START Collected material

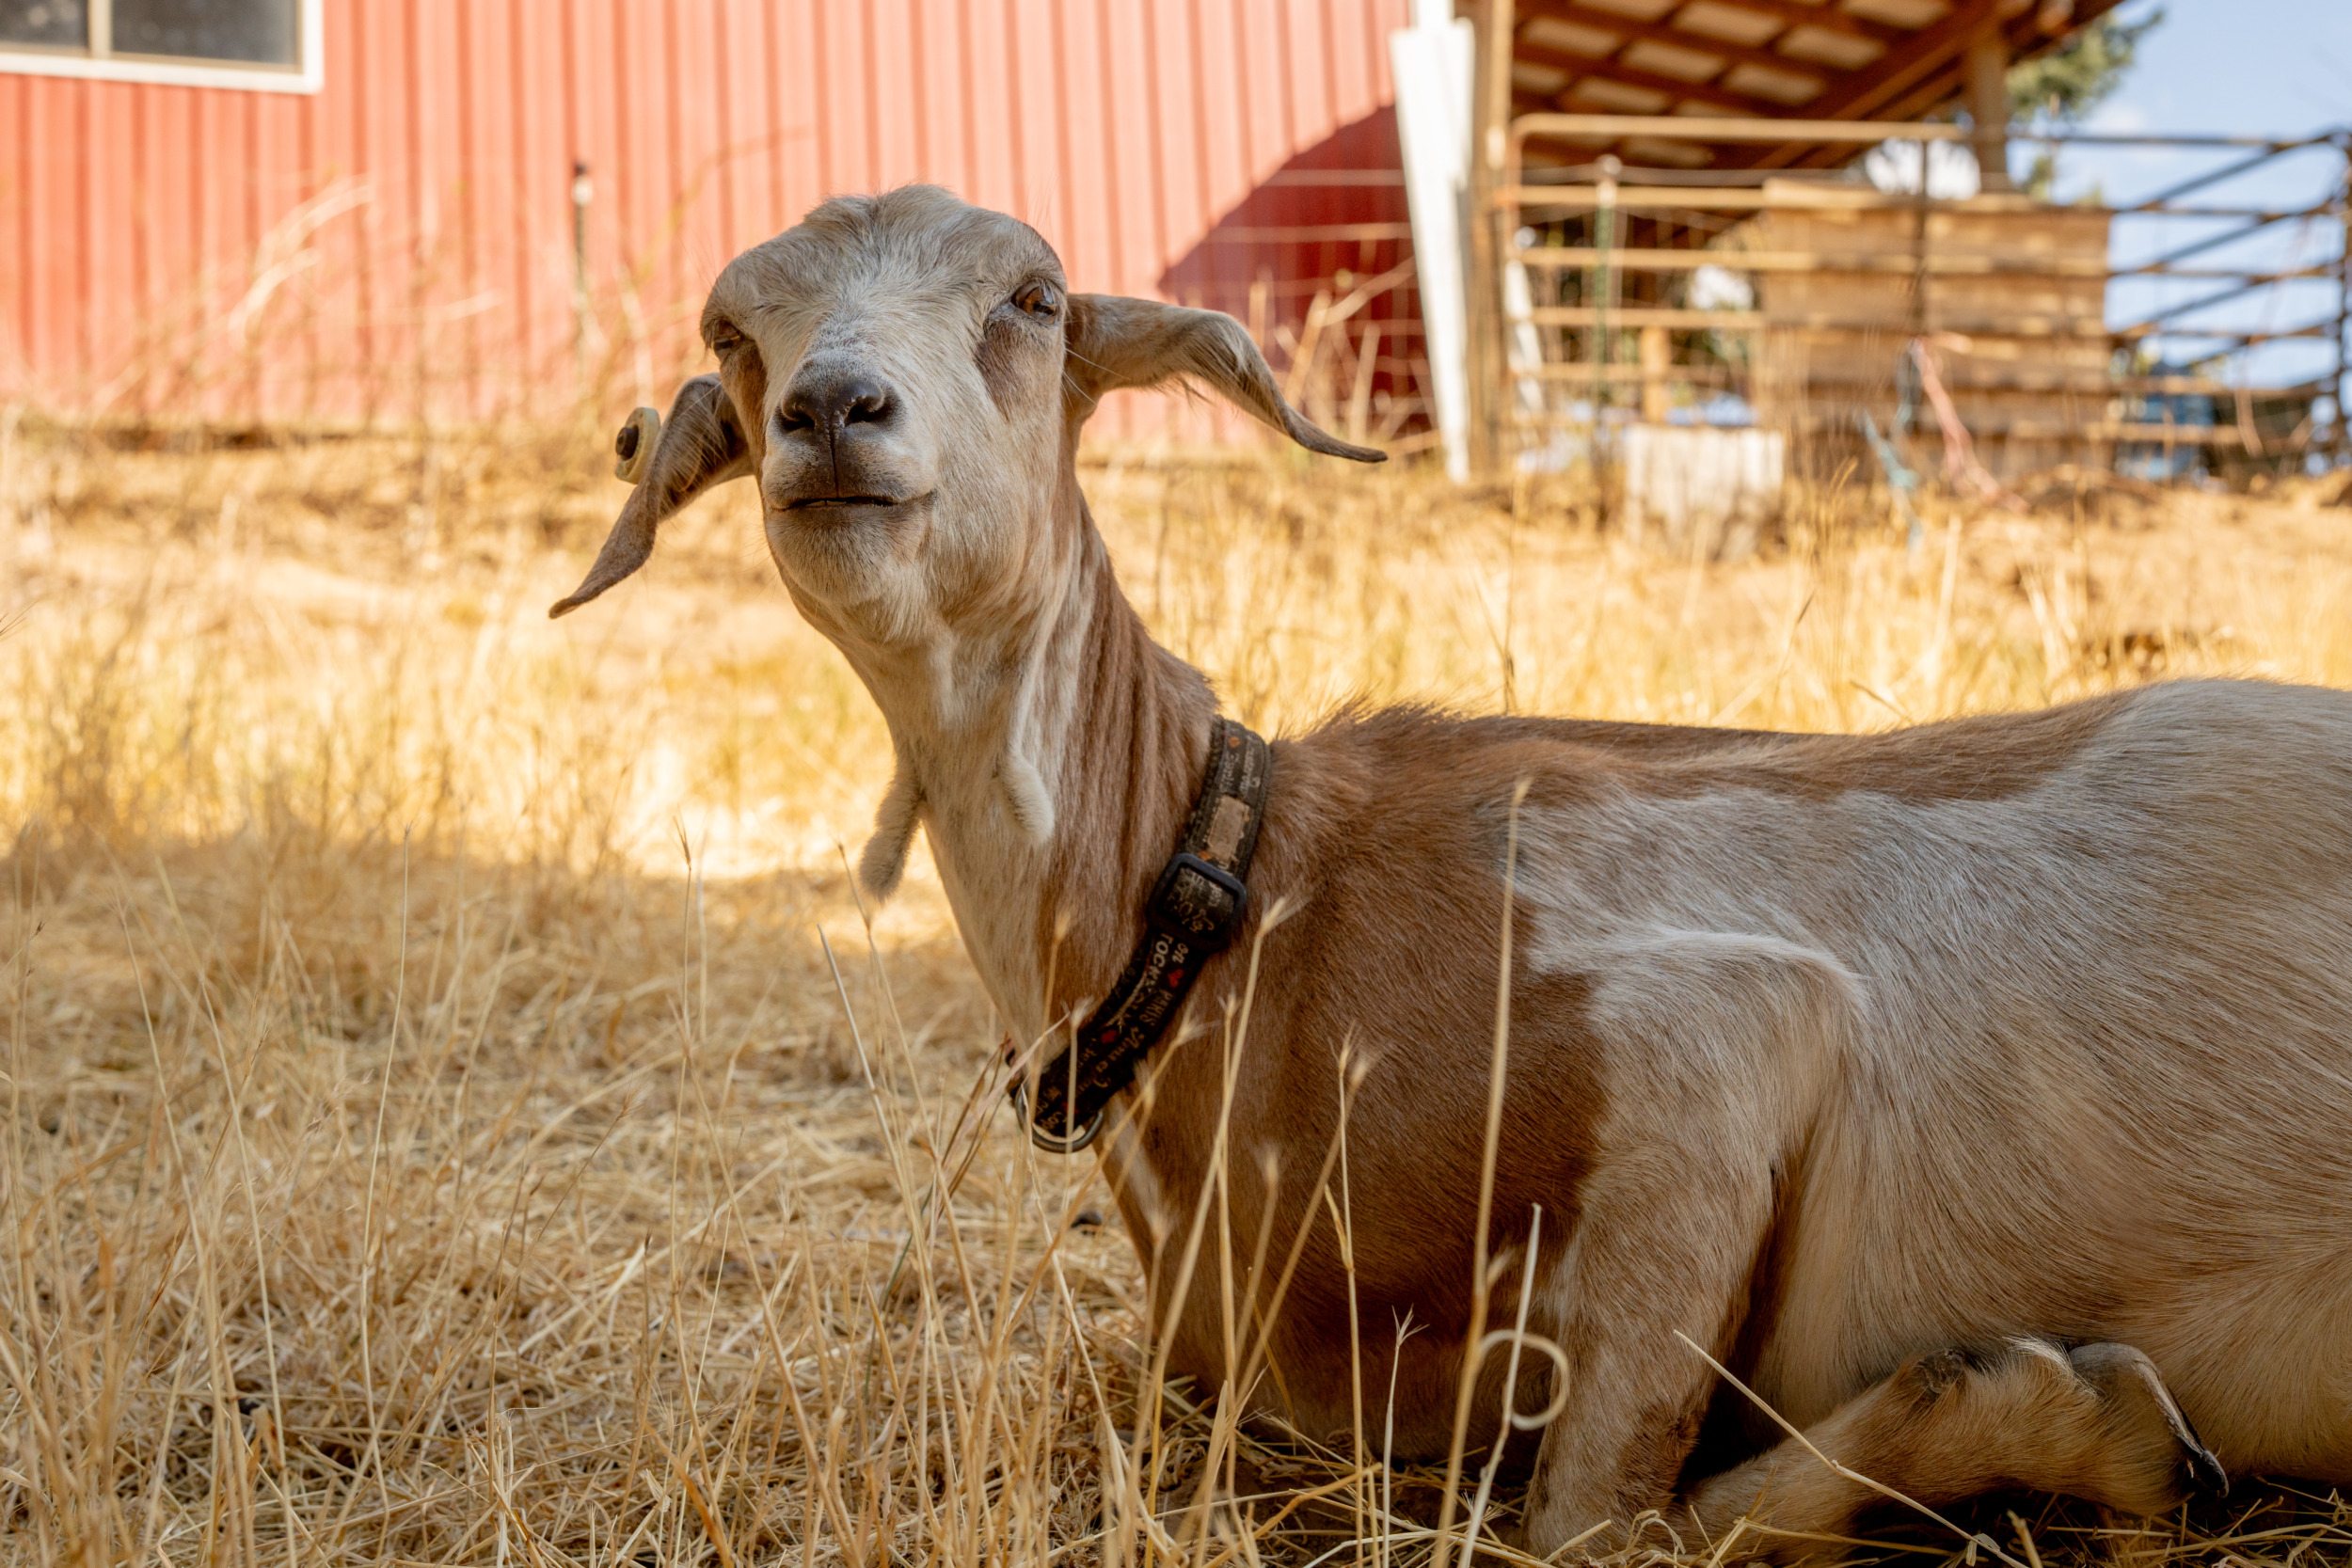 Goats - a tan and white goat wearing a collar
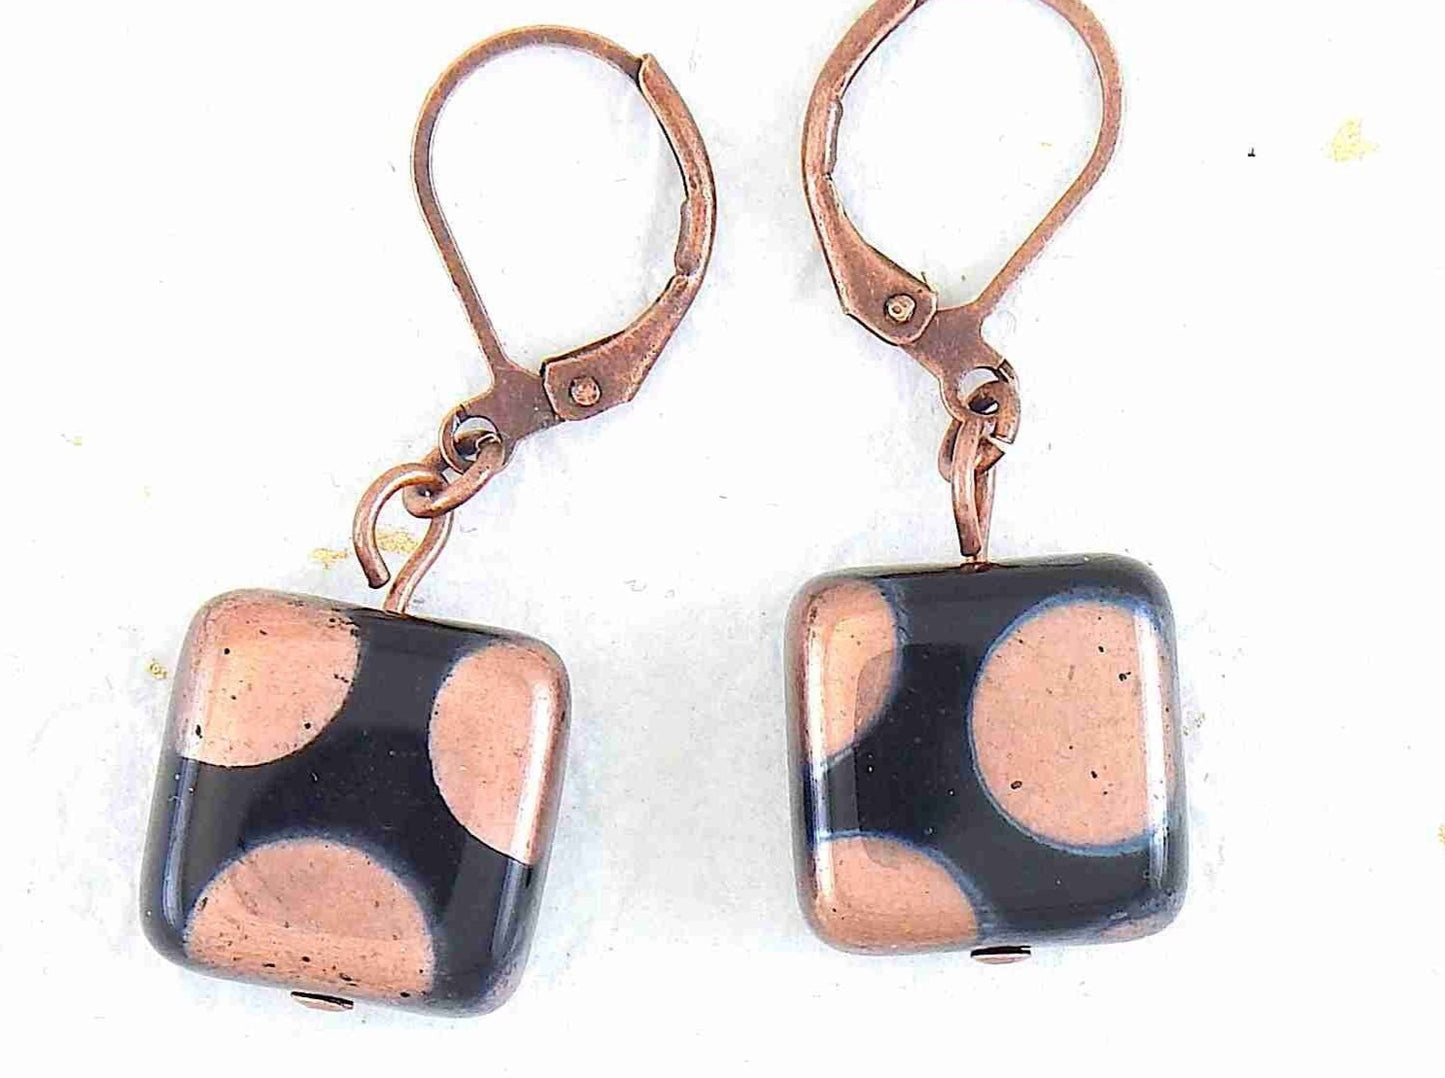 Short earrings with small shiny black Czech glass squares, large silver/copper/multicoloured dots, stainless steel lever back hooks
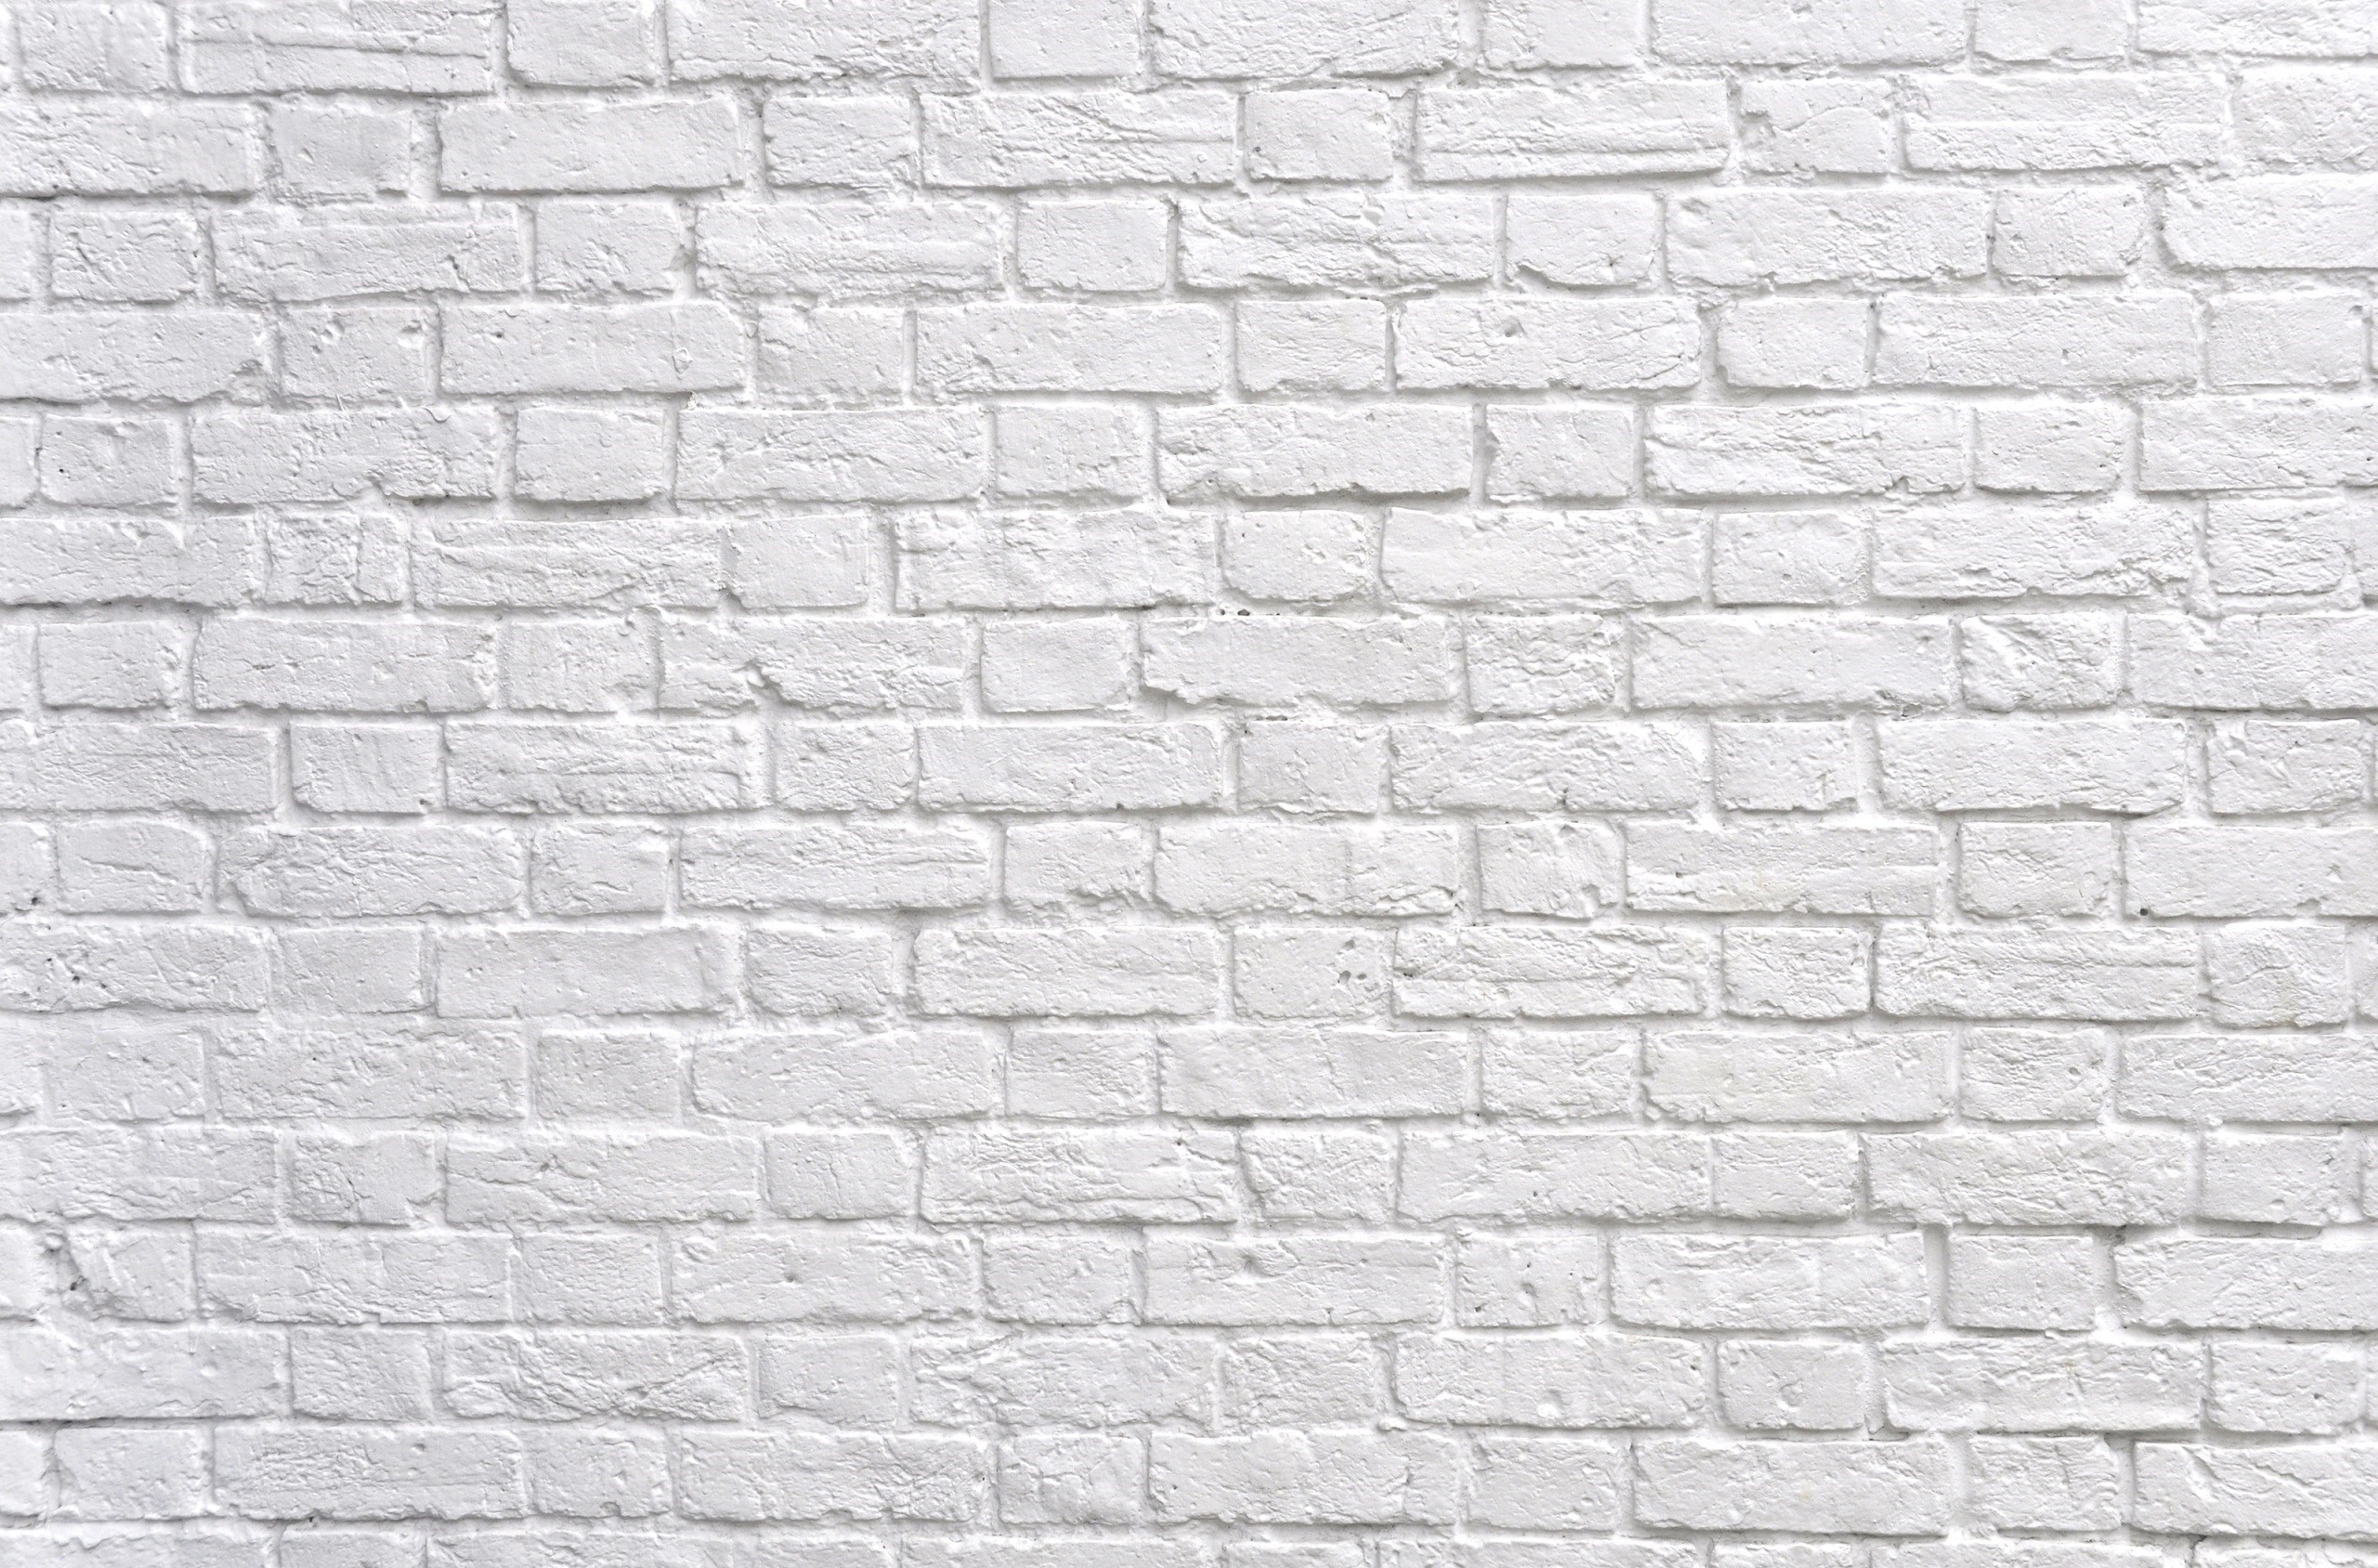 Black And White Brick Wall Background White Brick Wall Image Decoration Picture White Brick Wall Nugent

END Collected material

Aim of the exercise »
Return the material above exactly; the images stay out.

Reply to the task »
 Goats - a tan and white goat wearing a collar
 Short earrings with small shiny black Czech glass squares, large silver/copper/multicoloured dots, stainless steel lever back hooks
 Black And White Brick Wall Background White Brick Wall Image Decoration Picture White Brick Wall Nugent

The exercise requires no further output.